Pacta Sunt Servanda

Los delitos contra la salud. Breve esbozo histórico, su tipificación y punibilidad.

Por Lic. Arturo Vázquez Núñez

“El virus de la droga es el principal problema de salud pública en el mundo de hoy”.
“La droga es una calle de dirección única. No tiene regreso. Jamás se puede volver”.
William S. Burroughs-El almuerzo desnudo.

“Mis secos y quebradizos huesos se sienten aliviados y humedecidos por las tiernas caricias de mi hermosa heroína.

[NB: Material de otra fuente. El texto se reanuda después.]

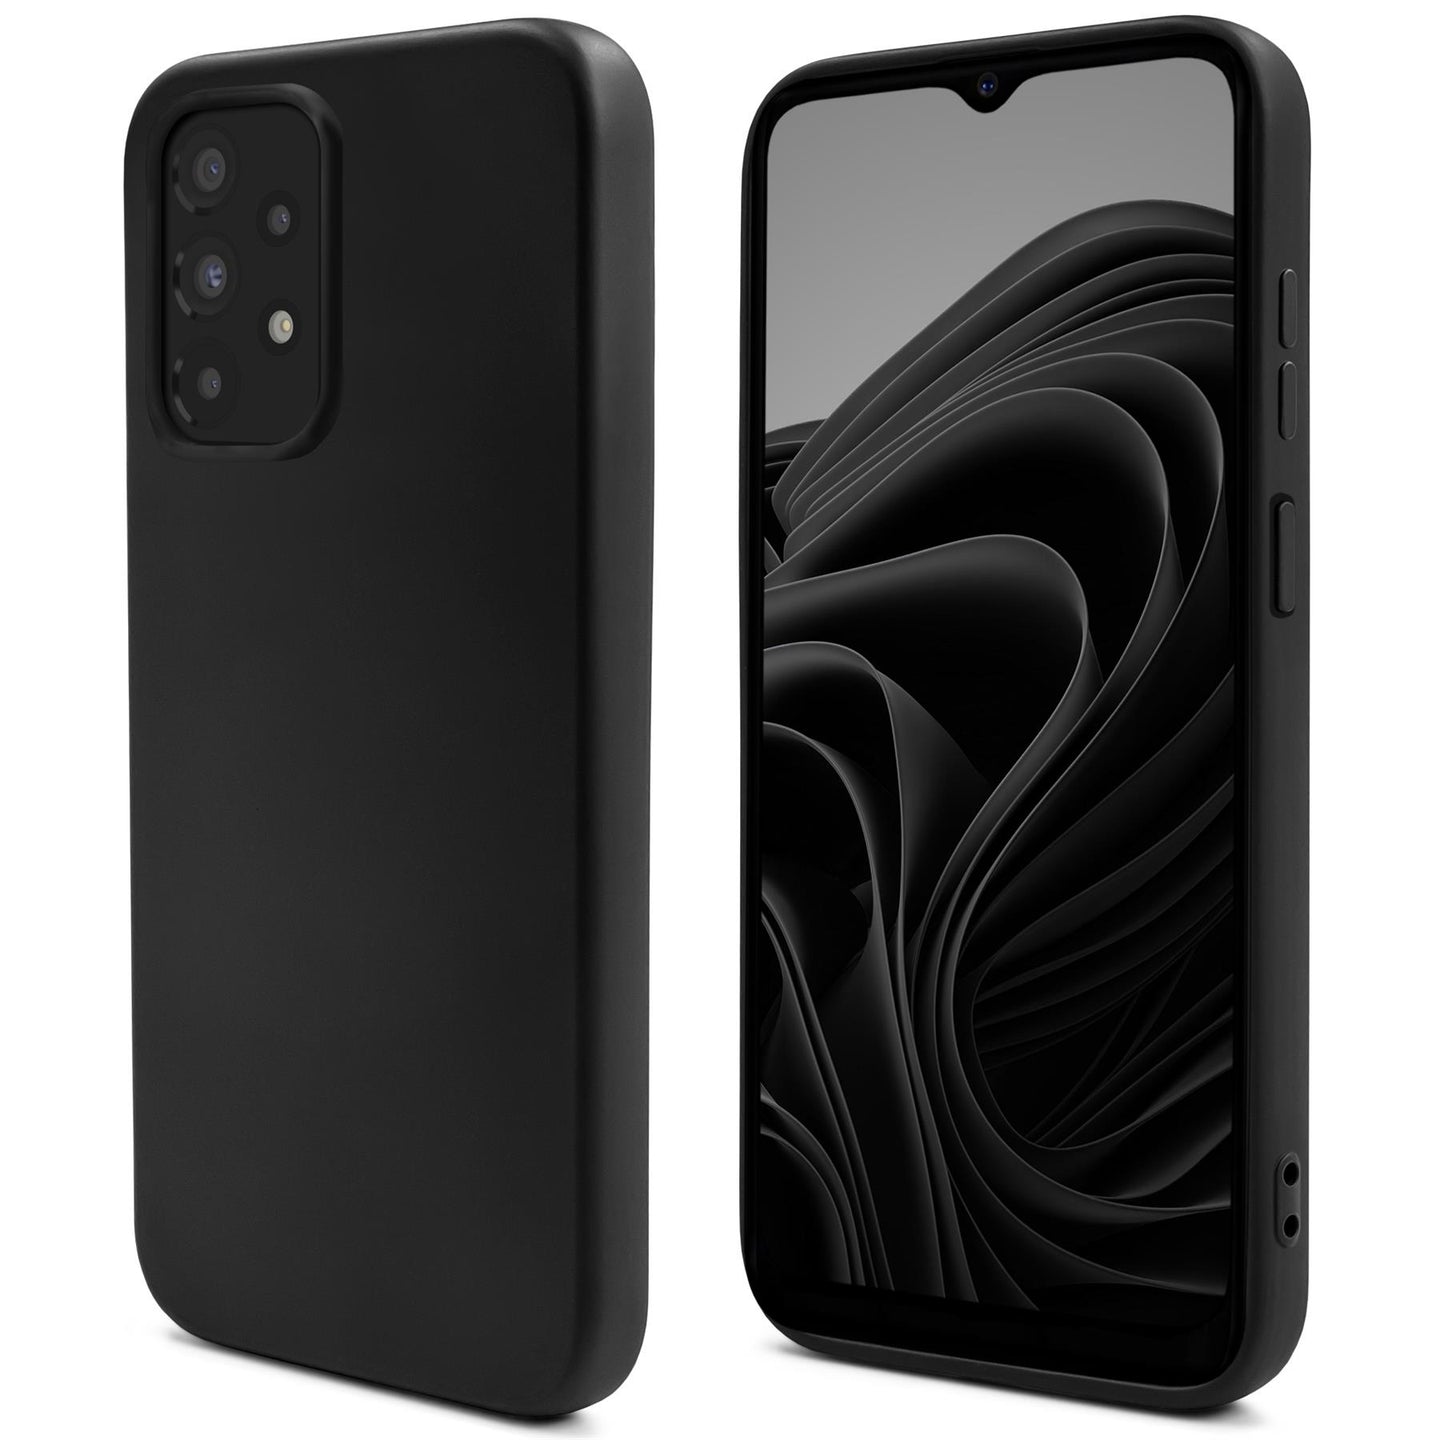 Moozy Lifestyle. Silicone Case for Samsung A13 4G, Black - Liquid Silicone Lightweight Cover with Matte Finish and Soft Microfiber Lining, Premium Silicone Case

La tierra se movió, y aún se mueve”.
Irvine Welsh- Trainspotting.

PROEMIO.

Don Winslow en su libro El cártel (2015) nos dice lo siguiente: “La tan cacareada guerra contra la droga es una puerta giratoria: eliminas a uno y otro pasa a ocupar la cabecera de la mesa. Eso no cambiará mientras el apetito insaciable por la droga siga ahí”, una frase tan cierta como lapidaria. Ahora bien y de acuerdo con un trabajo publicado por CEPAL intitulado “Producción, tráfico y consumo de drogas en América Latina”, se nos menciona que los problemas asociados a la producción, tráfico, y consumo de narcóticos afectan la calidad de vida de la población y están íntimamente relacionados con formas de exclusión social y debilidad institucional, generando inseguridad y violencia, siendo, como lo menciona José Saramago en su relato intitulado La silla, un carcoma que corroe la gobernabilidad de los países. Es por esta razón que el problema de las drogas ha ido adquiriendo presencia progresiva a nivel internacional. Es importante mencionar que, América Latina concentra la producción global de hoja de coca, pasta base de cocaína y clorhidrato de todo el globo terráqueo, además de una producción de marihuana que se extiende hacía distintos países y zonas destinadas tanto al consumo interno como a la exportación, sin olvidar que también es uno de los principales productores de amapola para la producción de goma de opio y heroína, y cuyo principal consumidor son los Estados Unidos de América a quienes les llega por la ruta del Pacífico, haciendo derrotero por Centroamérica y por transporte fluvial desde los países productores a través de Brasil.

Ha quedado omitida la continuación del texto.